Data excerpt:
___

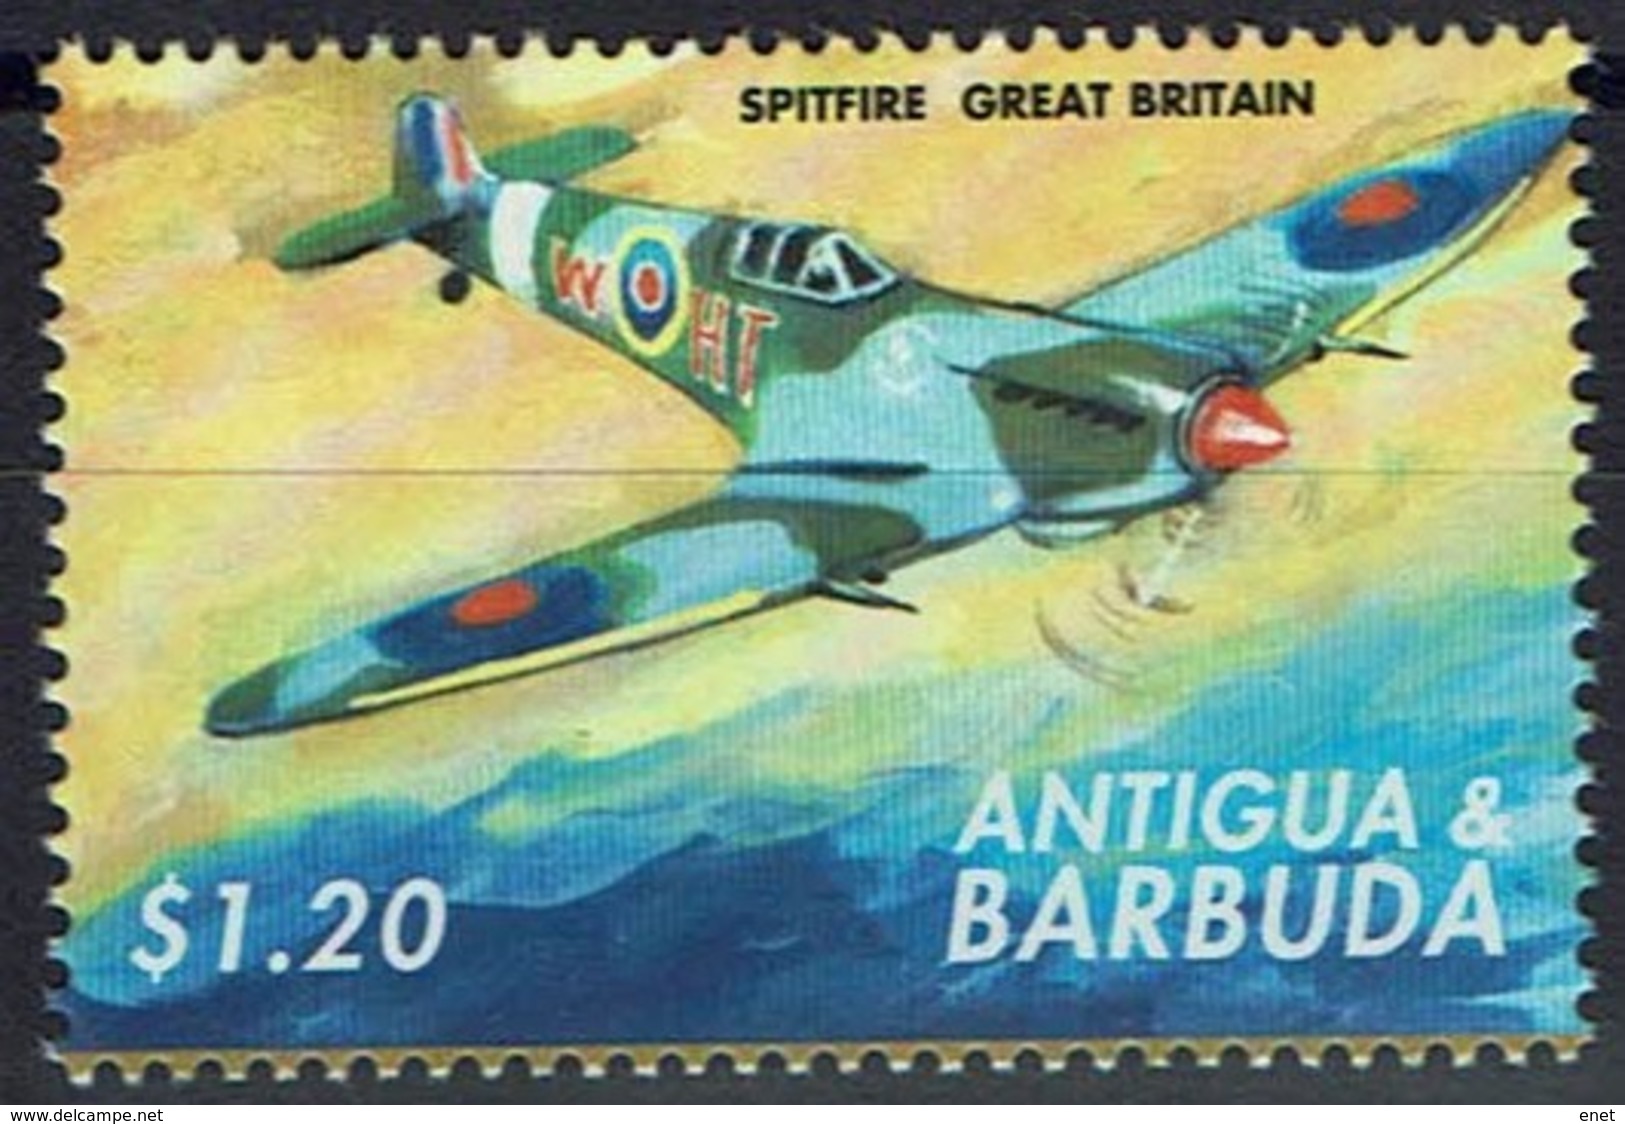 Antigua Und Barbuda 2000 - MiNr 3331 - Flugzeug Spitfire - Flugzeuge
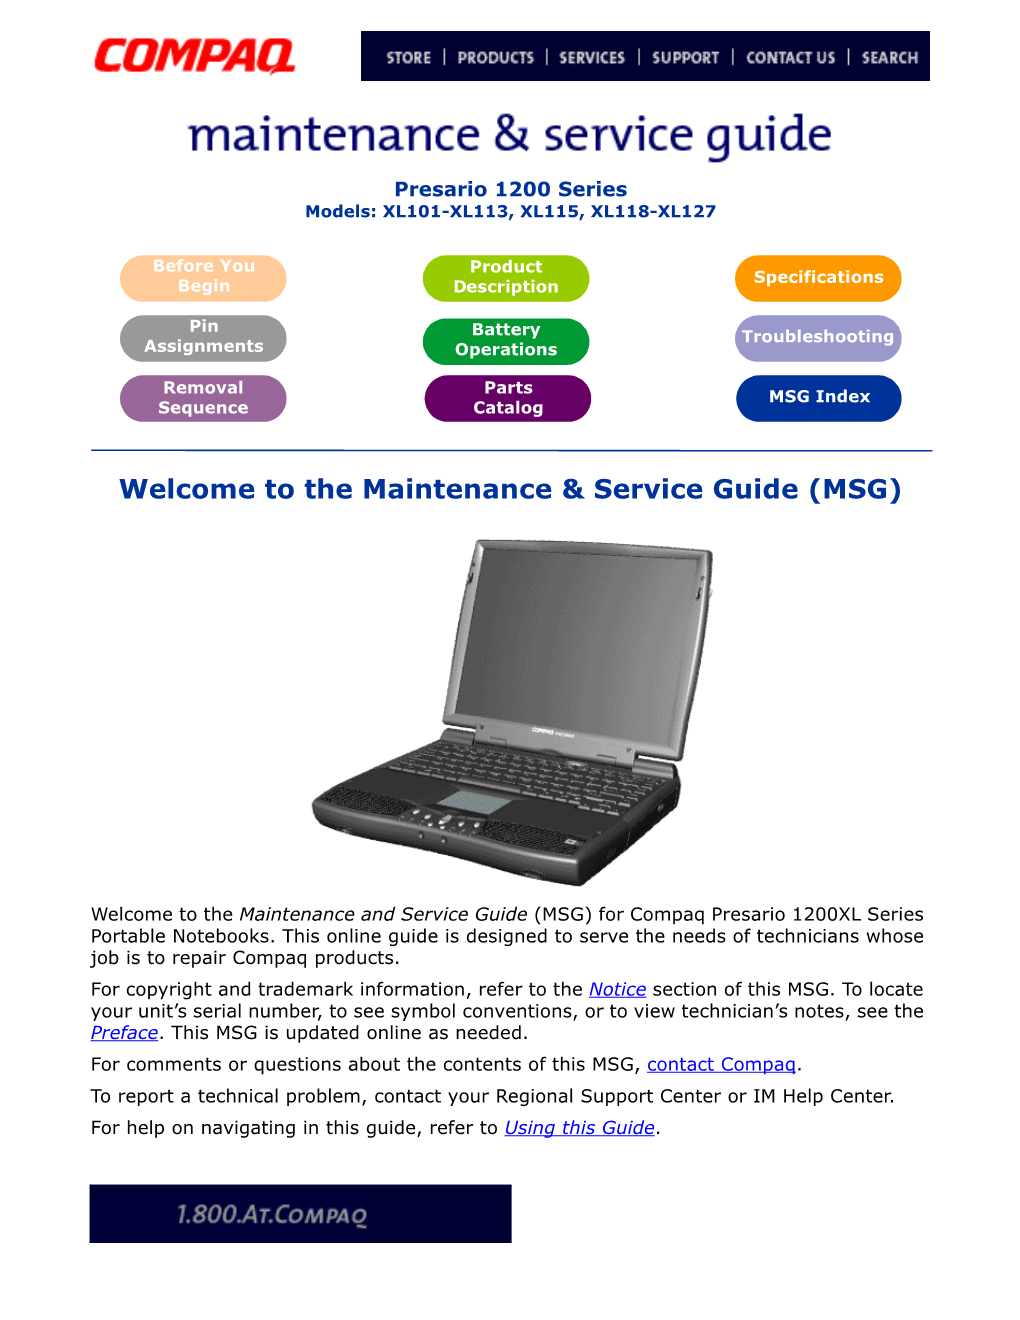 Compaq Presario 1200 Series Maintenance & Service Guide
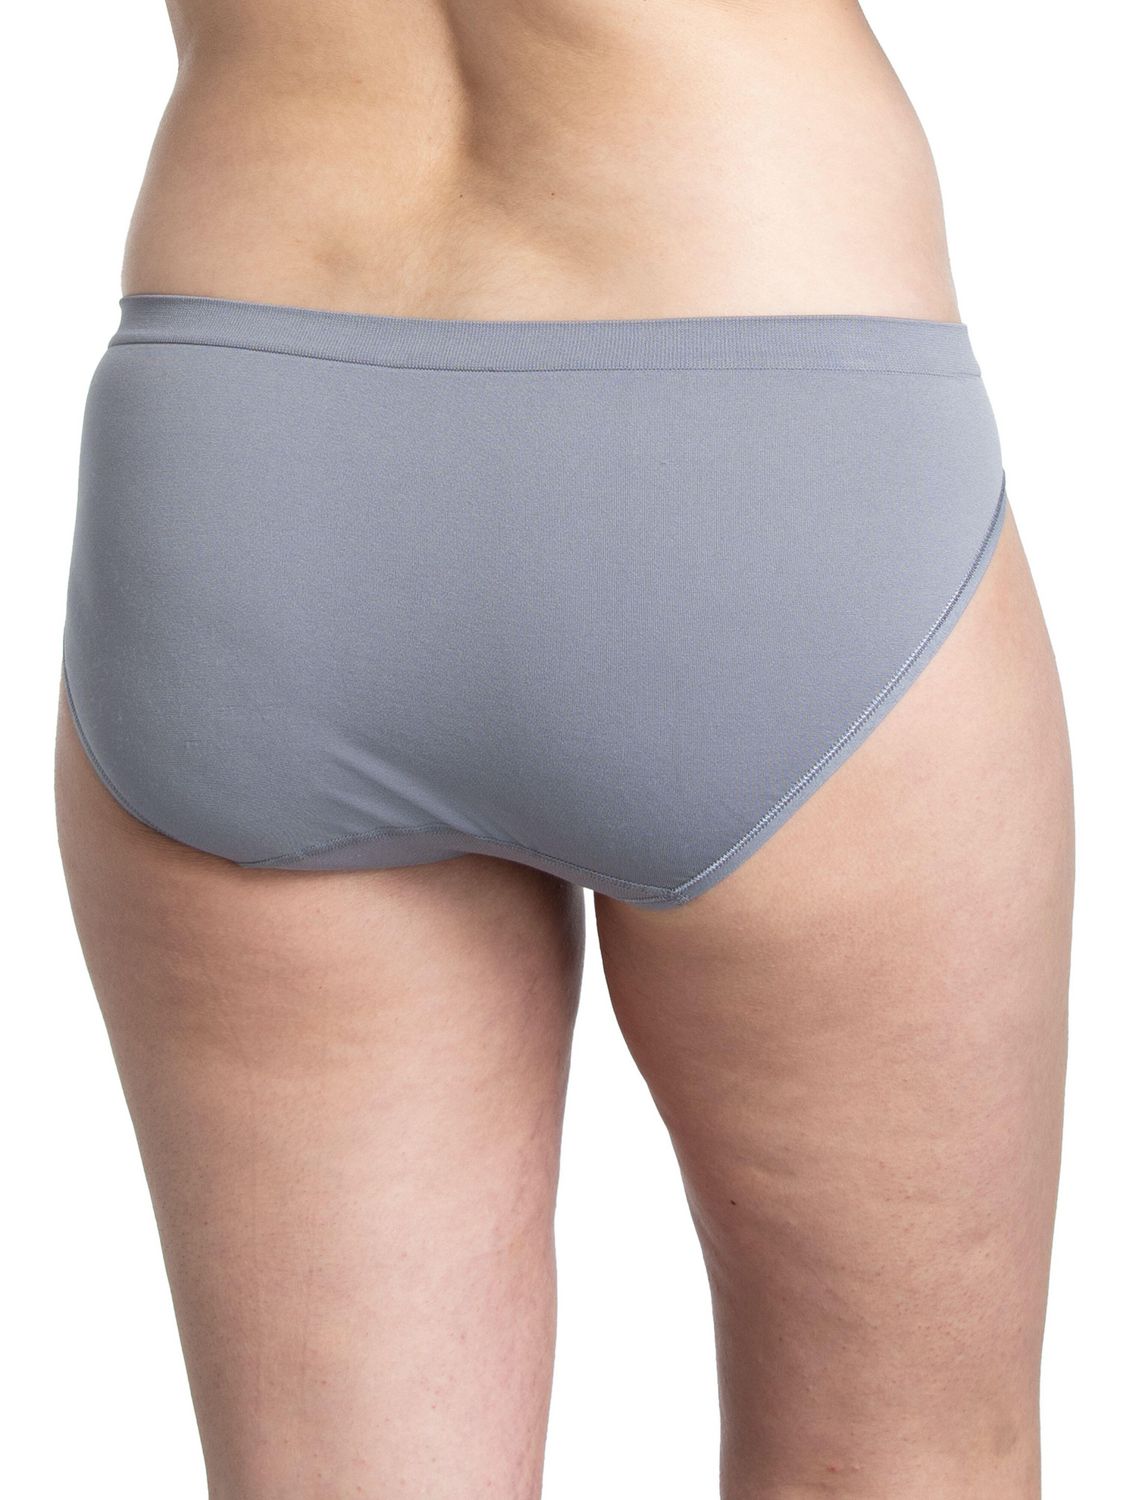 Fruit of the Loom Cotton Bikini Panties Slightly Imperfect Size 5
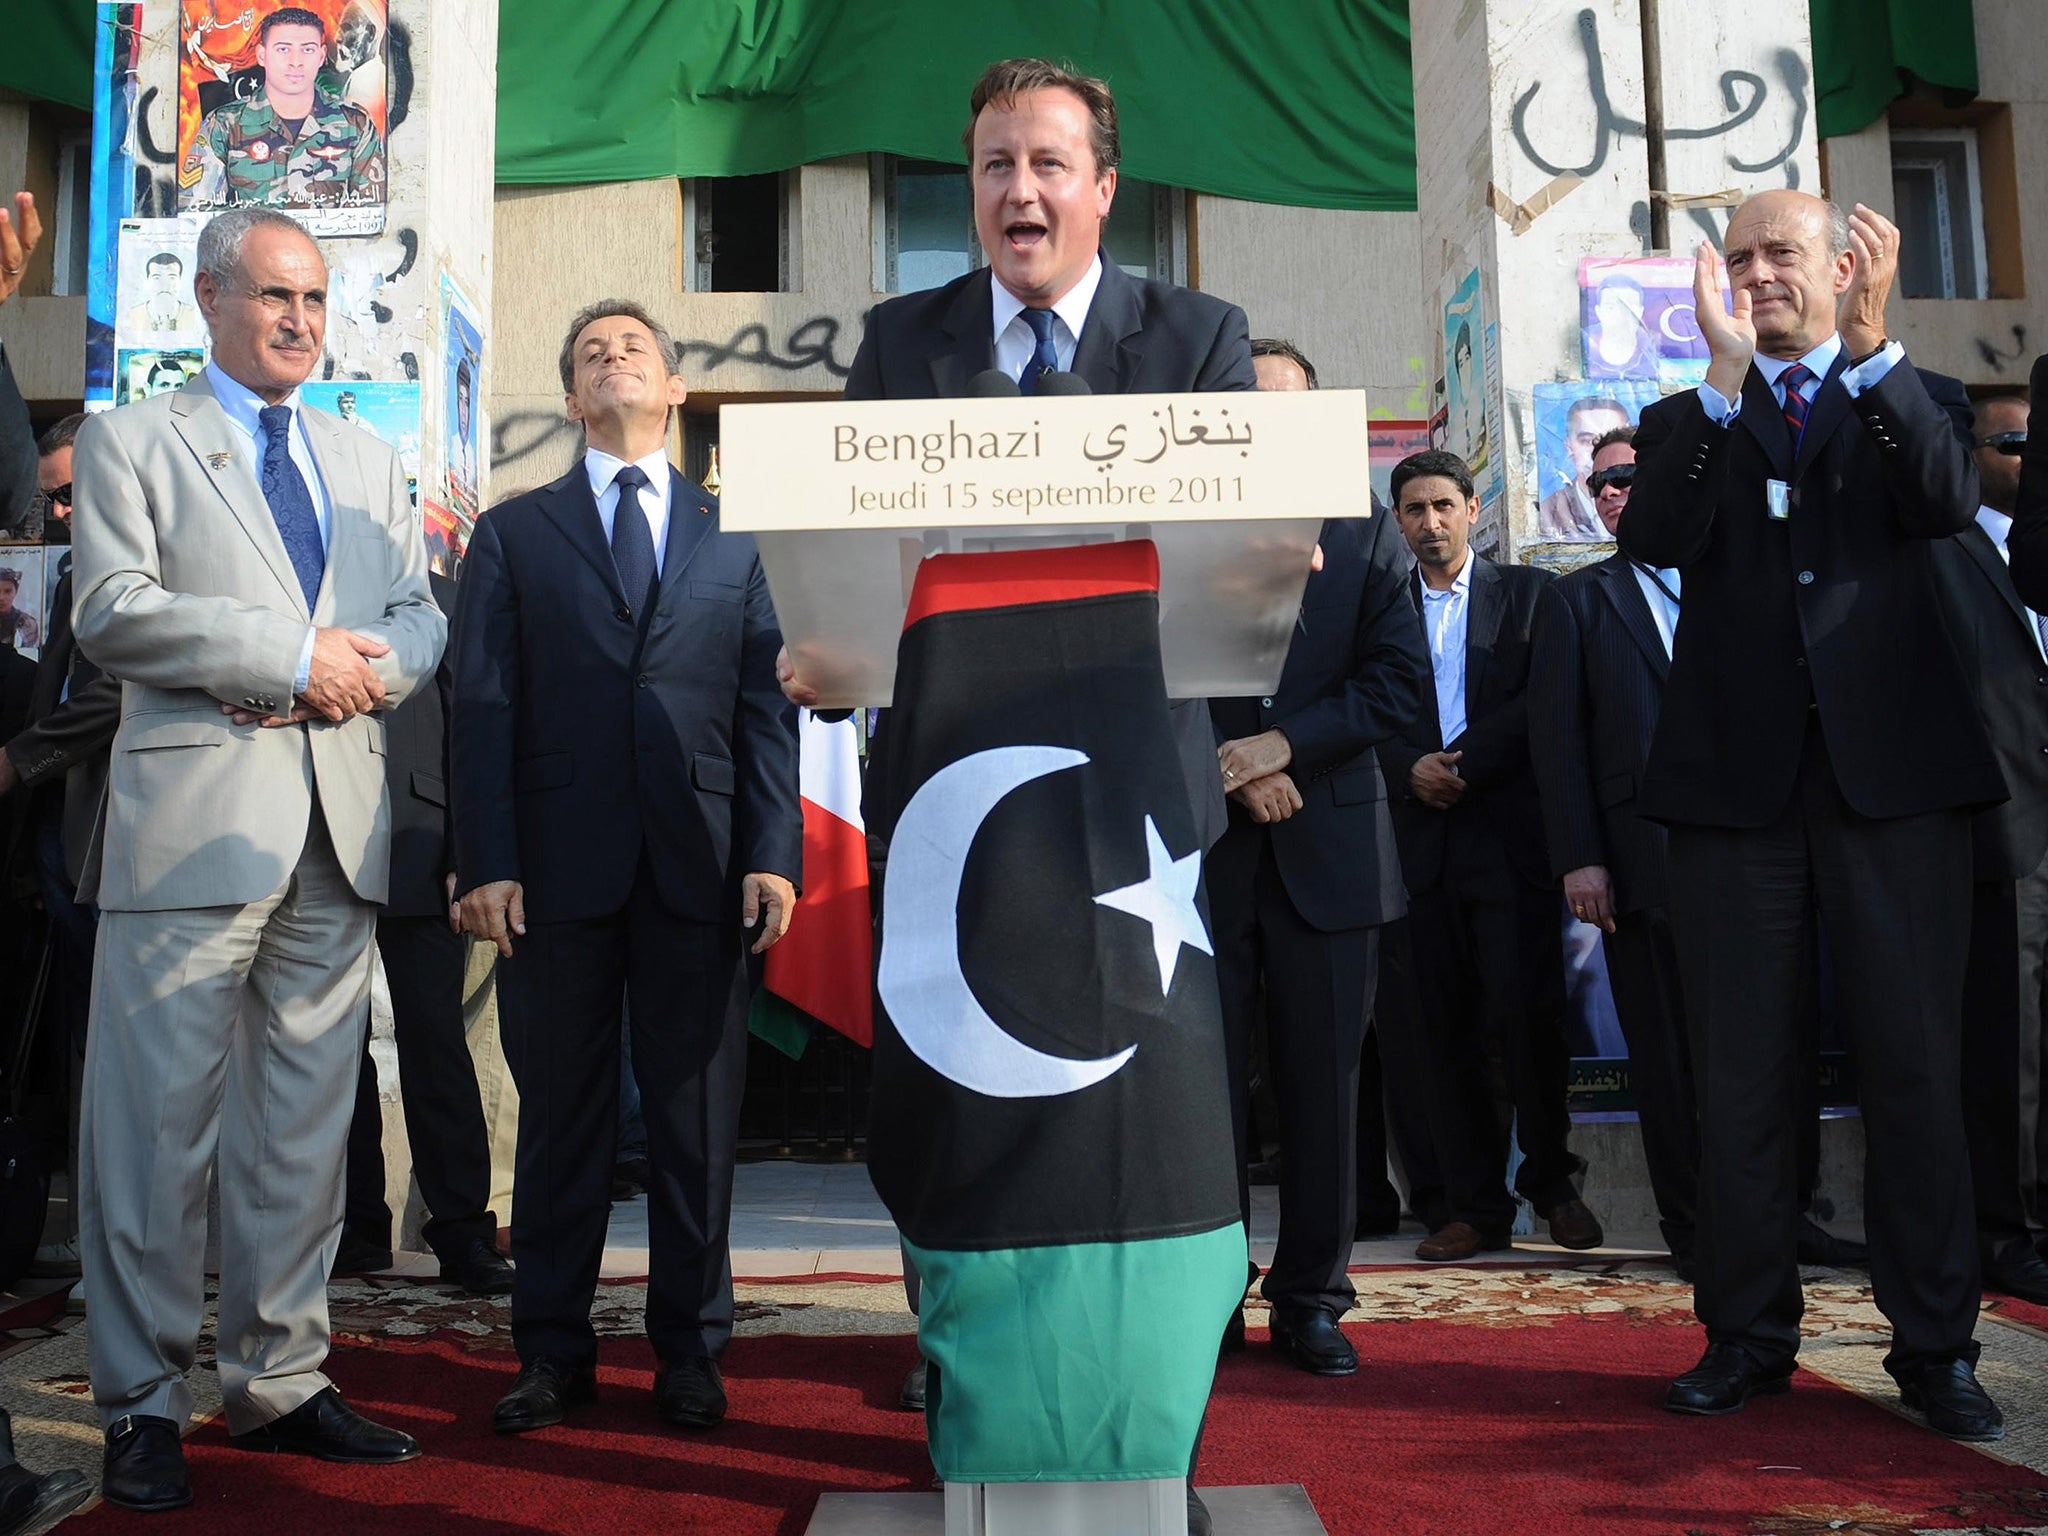 David Cameron in Libya after Gaddafi's fall (Getty)

___

What the task requires: Leave the pictures out, and please copy only the lines from the one with "Fruit of the" through the end of the listing.

Written response:
 Fruit of the Loom Cotton Bikini Panties Slightly Imperfect Size 5
 David Cameron in Libya after Gaddafi's fall (Getty)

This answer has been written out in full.